▶ **PROBLEM REQUIREMENTS**: Leave out the images and return all the data word for word.

▶ **GIVEN MATERIAL**:
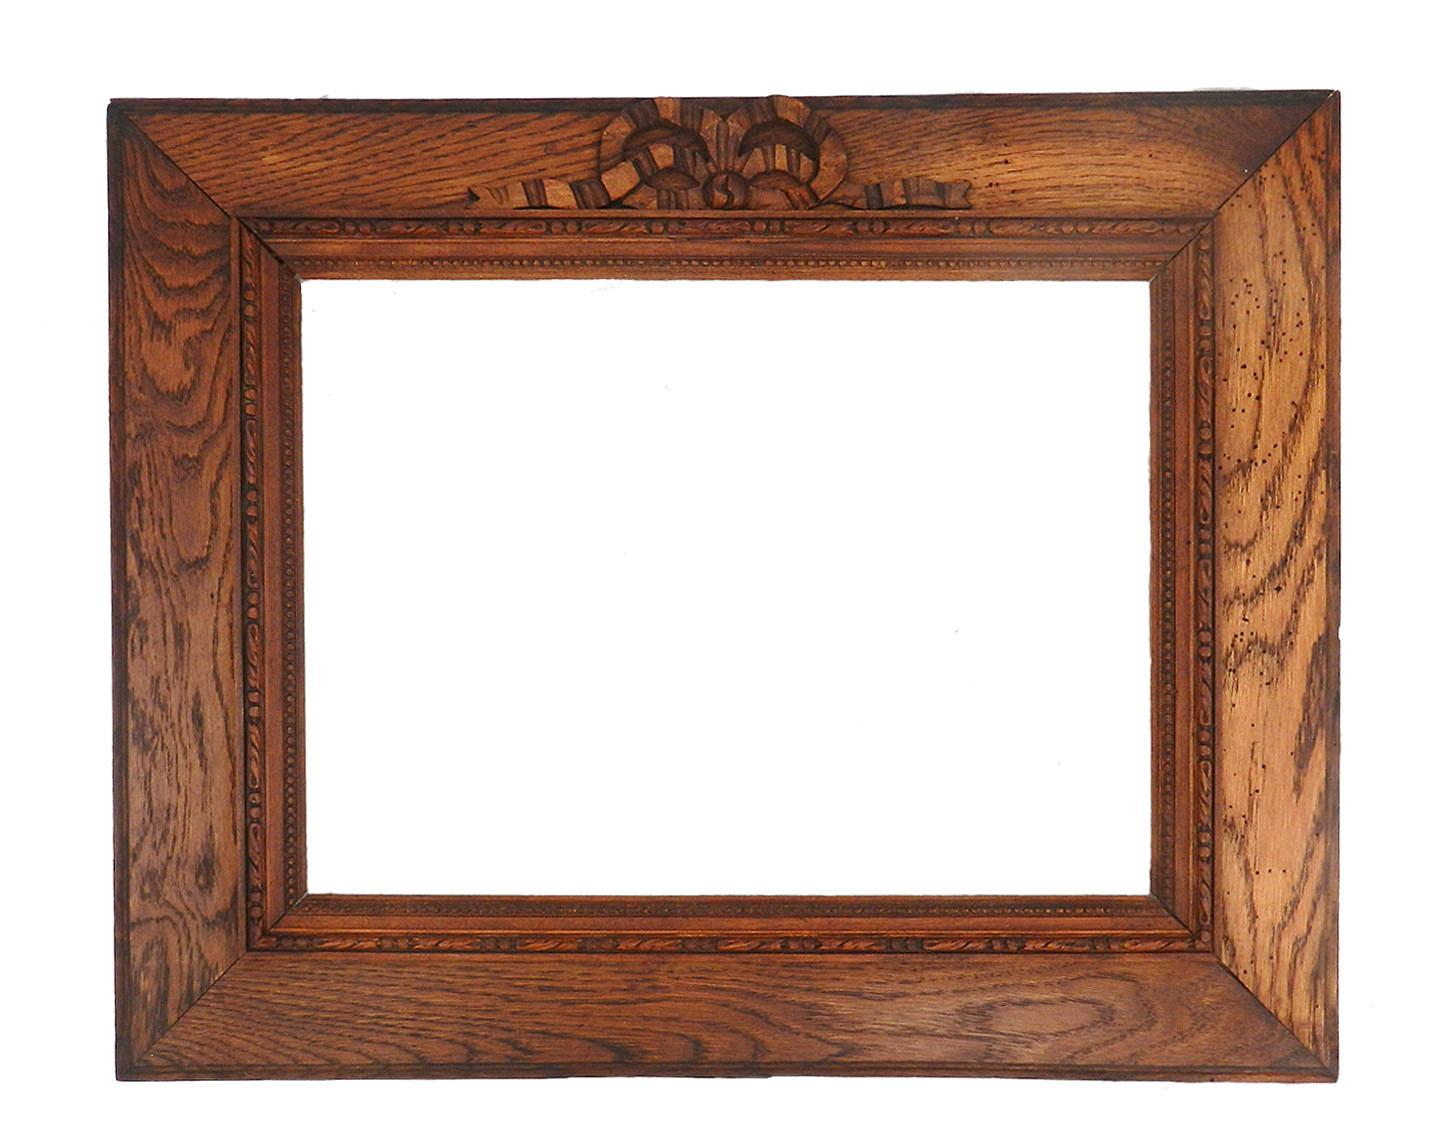 Zwei Spiegel oder Bilderrahmen French Provincial 19. Jahrhundert Louis XVI revival einzeln bewertet, um 1880
1) Der Rahmen 
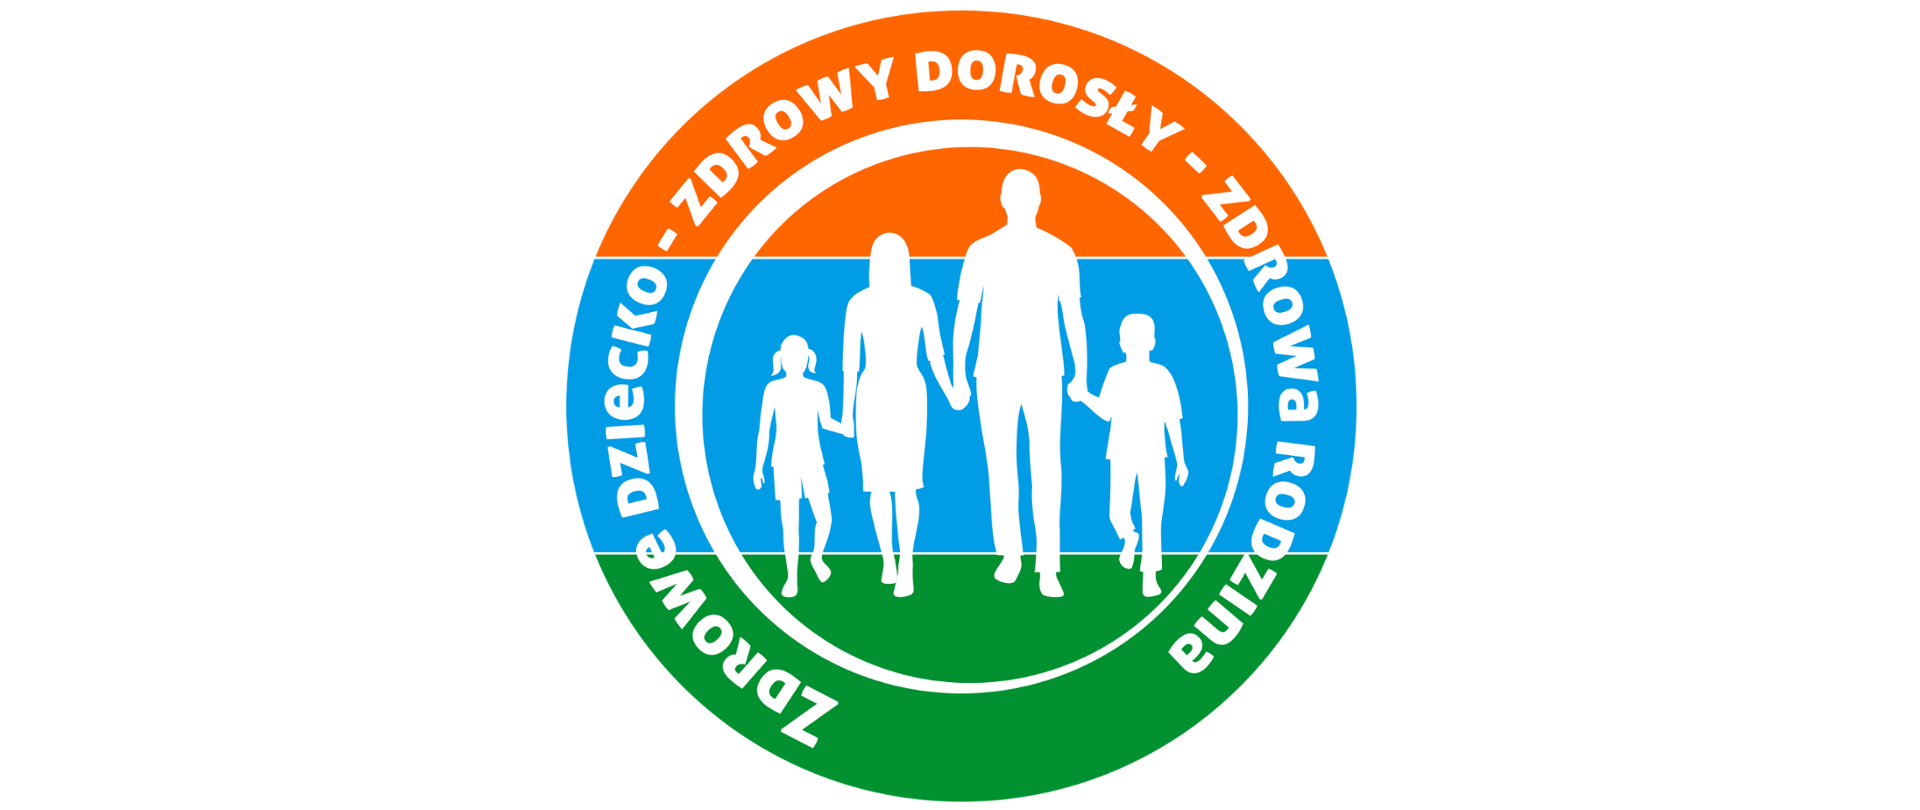 Trójkolorowe logo (kolor pomarańczowy na górze, w środku niebieski, na dole zielony) Projektu przedstawia rodzinę - dwie dorosłe osoby i dwójka dzieci trzymające się za ręce

▶ **EXERCISE RESPONSE**:
 Zwei Spiegel oder Bilderrahmen French Provincial 19. Jahrhundert Louis XVI revival einzeln bewertet, um 1880
1) Der Rahmen 
 Trójkolorowe logo (kolor pomarańczowy na górze, w środku niebieski, na dole zielony) Projektu przedstawia rodzinę - dwie dorosłe osoby i dwójka dzieci trzymające się za ręce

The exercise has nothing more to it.